Liu, P., University of Colorado at Boulder
LaMarche, C. Q., Particulate Solid Research, Inc.
Kellogg, K. M., University of Colorado at Boulder
Hrenya, C. M., University of Colorado at Boulder
The behavior of cohesive particles is studied in the riser section of a circulating fluidized bed, where gas-solid flows are fully-developed. The effects of cohesion are quantified by the distribution of agglomerates experimentally measured by shadowgraphy. In additional to relative humidity, which induces cohesion via small capillary bridges that condense between particles, agglomerate properties are affected by superficial gas velocity and solid concentration. To predict agglomerates in risers, DEM-CFD simulations were conducted with a smaller domain than the experiments and used cyclic boundary conditions for both gas and solid phases, in an attempt to mimic the fully-developed flow in experiments.
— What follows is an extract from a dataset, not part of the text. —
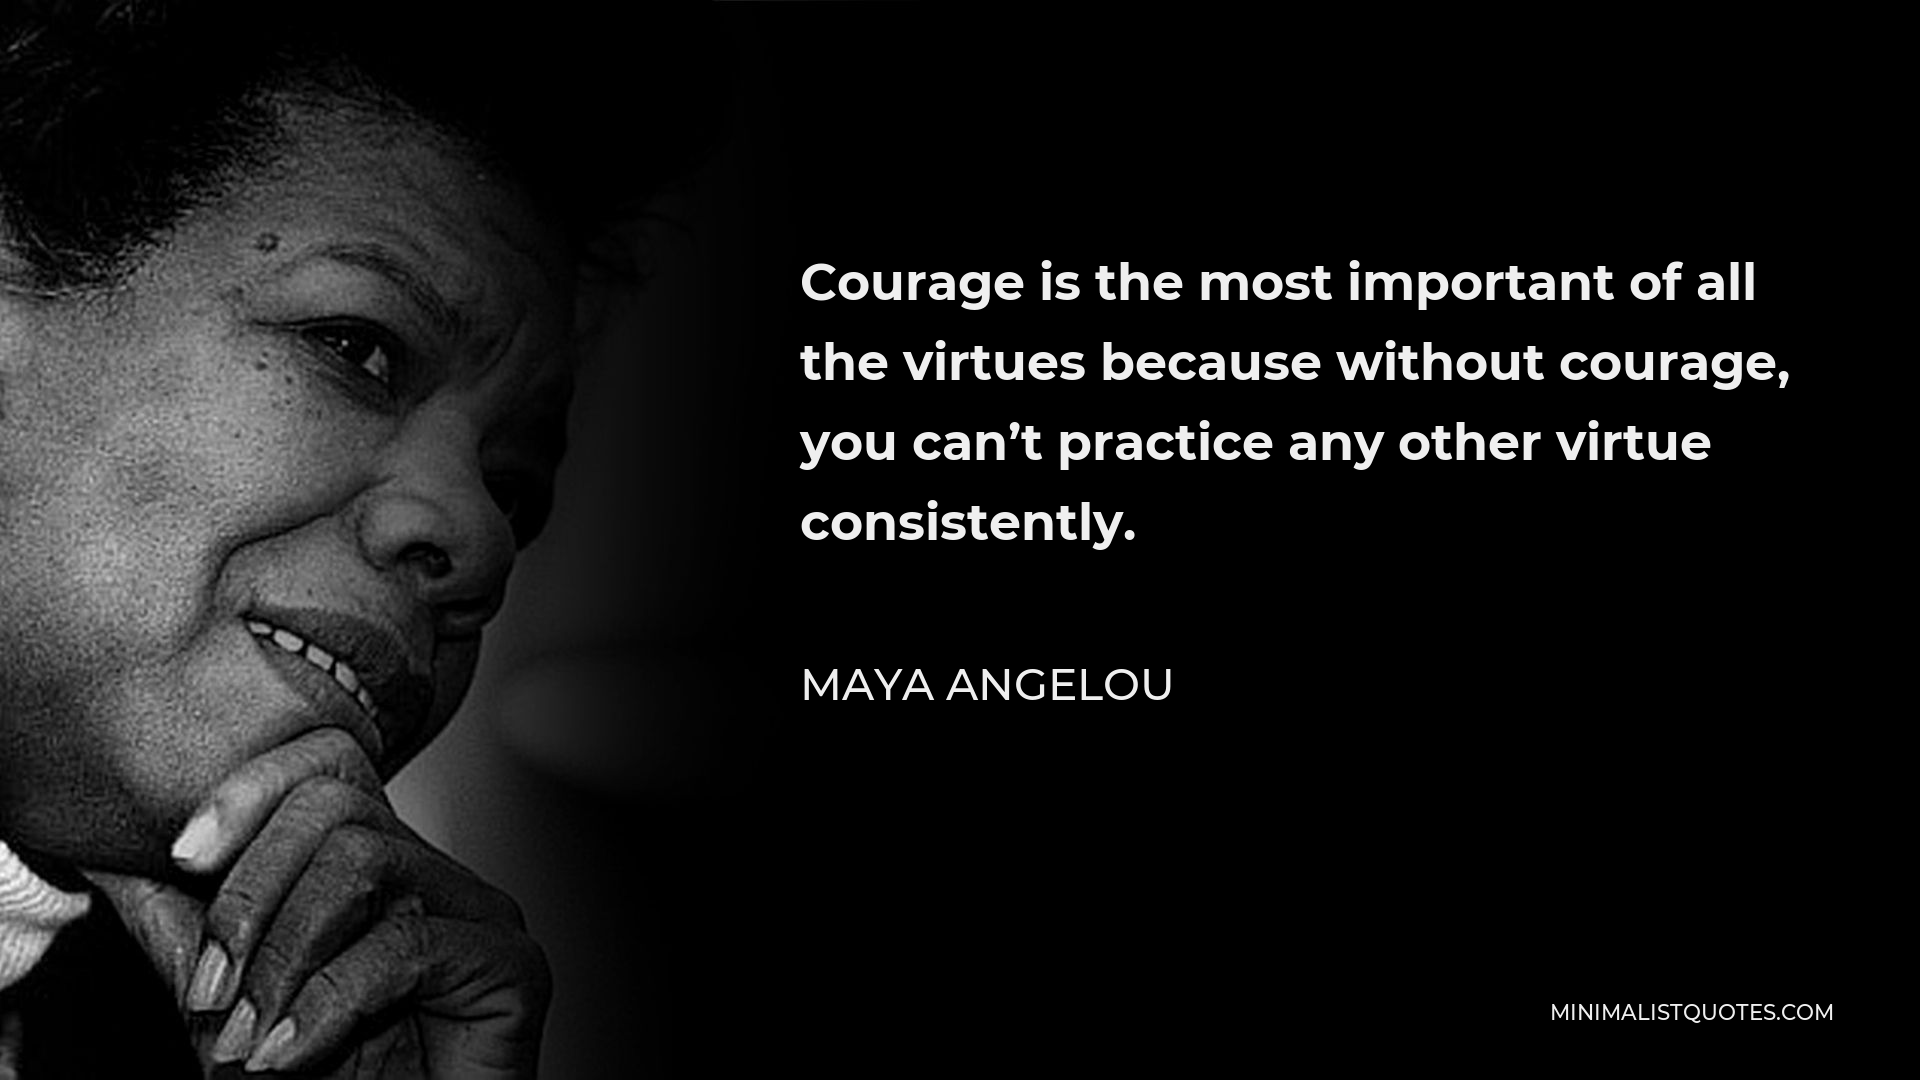 Maya Angelou Quote - Courage is the most important of all the virtues because without courage, you can’t practice any other virtue consistently.

By incorporating a capillary force model that considers particle surface roughness and applying the same agglomeration detection method in simulations, direct comparison between numerical and experimental results are performed. Based on the validated simulation conditions, the response of agglomerate properties to relative humidity, superficial gas velocity and solid concentration was systematically studied, which helps aid the understanding of particle entrainment in riser flows.